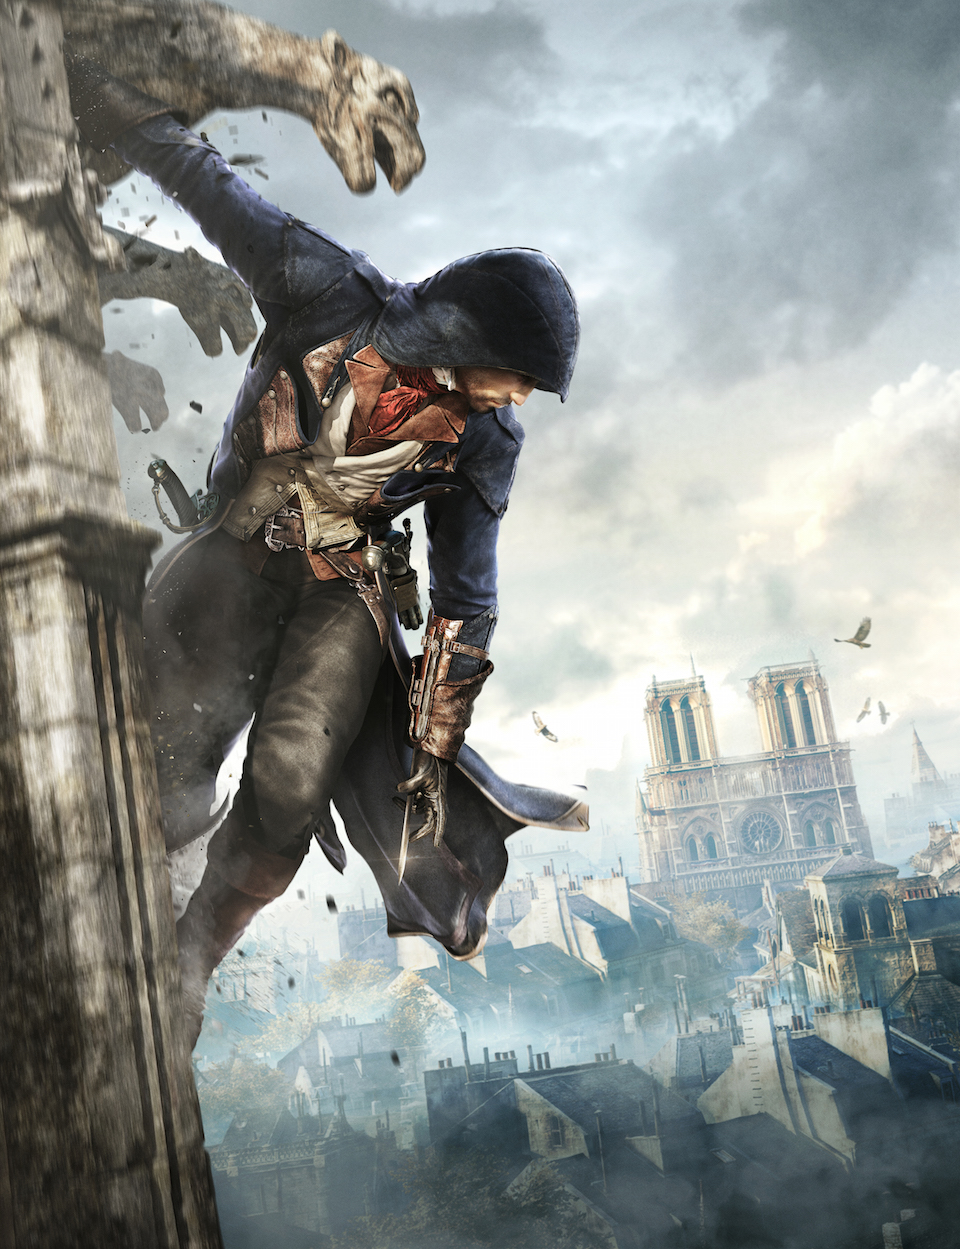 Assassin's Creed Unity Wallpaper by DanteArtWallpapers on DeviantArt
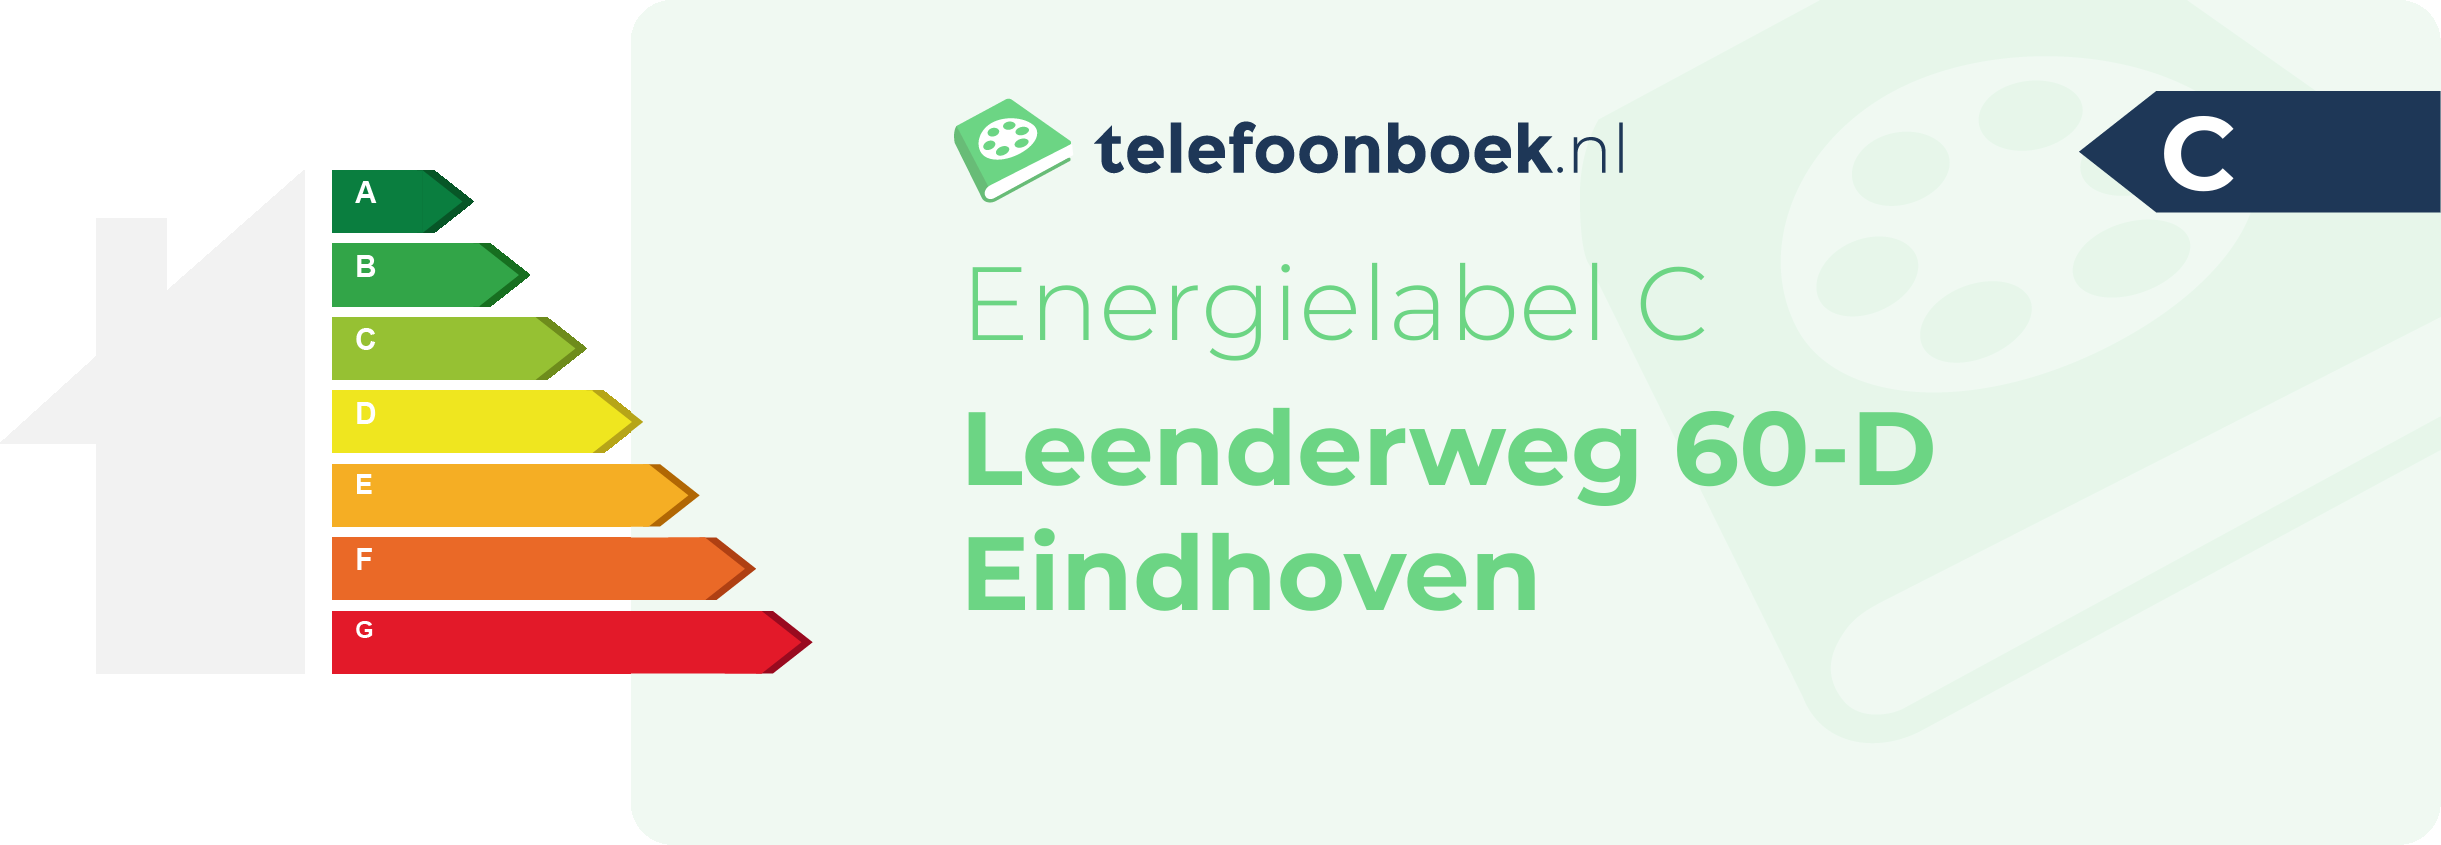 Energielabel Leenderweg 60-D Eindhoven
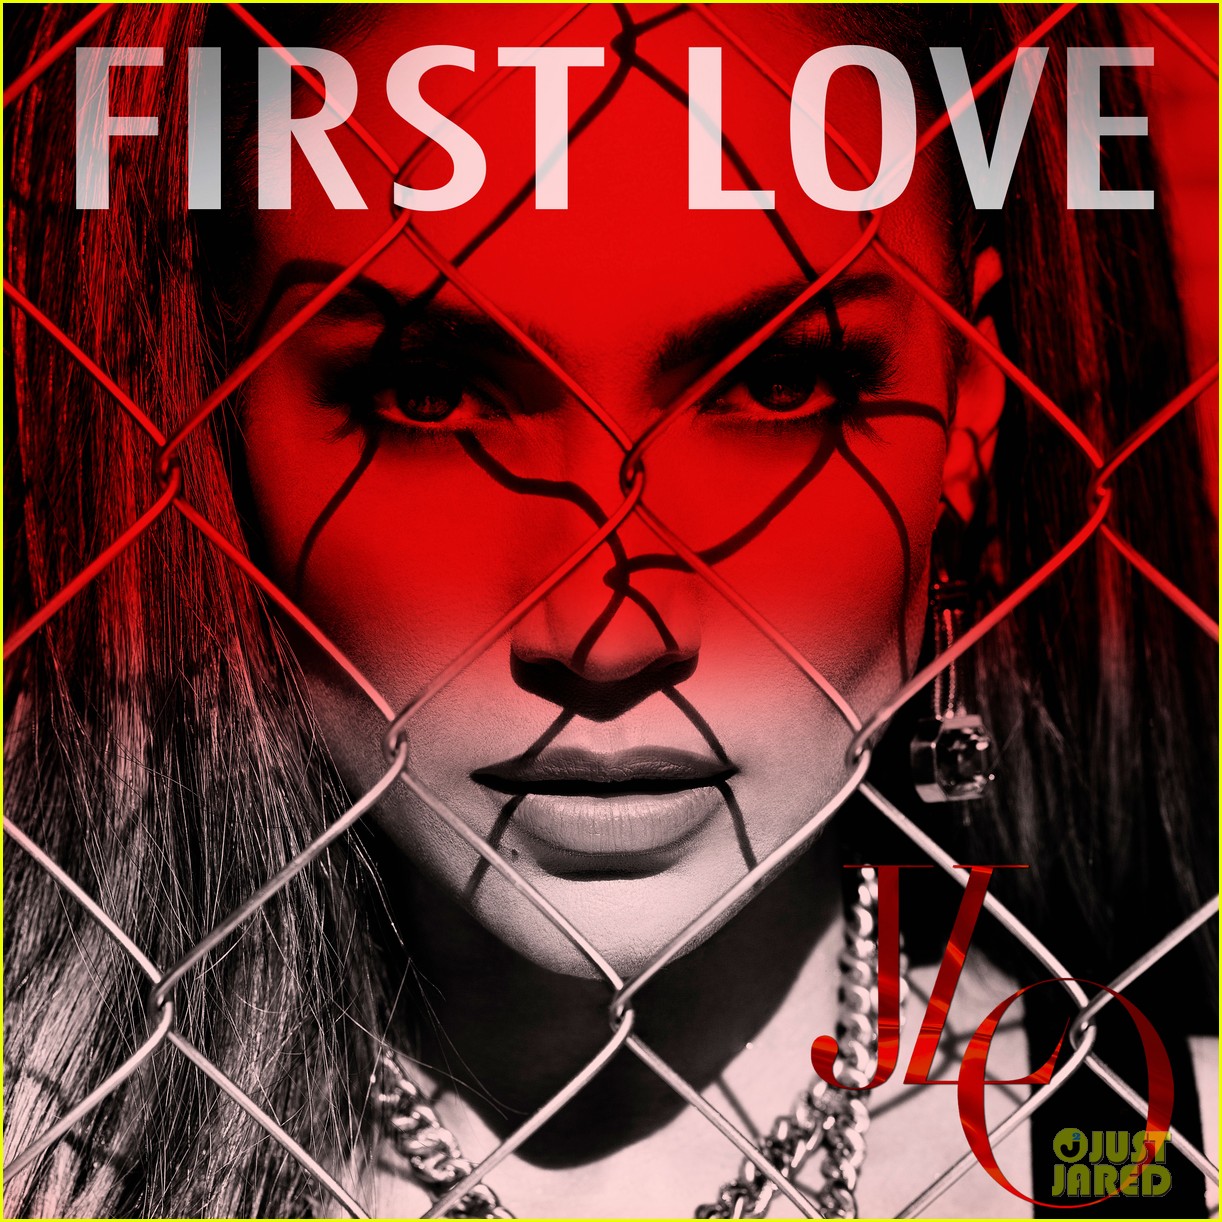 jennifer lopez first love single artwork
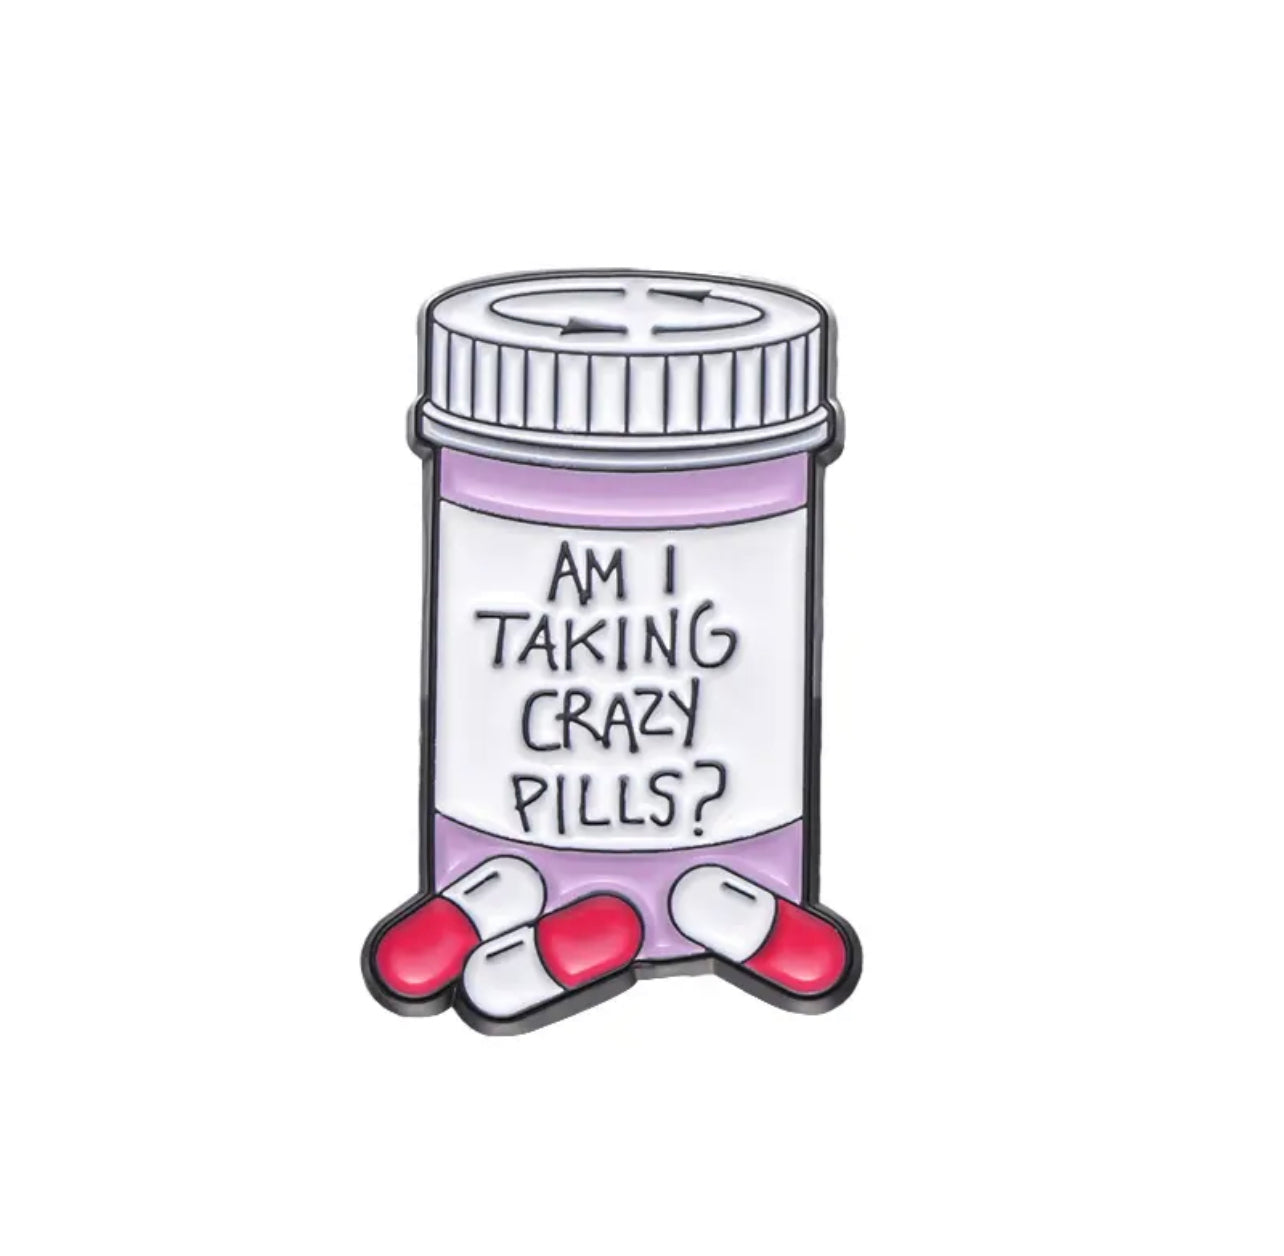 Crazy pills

- Activity -
Go through the listing above and retype each line exactly, apart from the pictures.

- Result of the task -
 Assassin's Creed Unity Wallpaper by DanteArtWallpapers on DeviantArt
 Energielabel Leenderweg 60-D Eindhoven
 jennifer lopez first love single artwork
 Crazy pills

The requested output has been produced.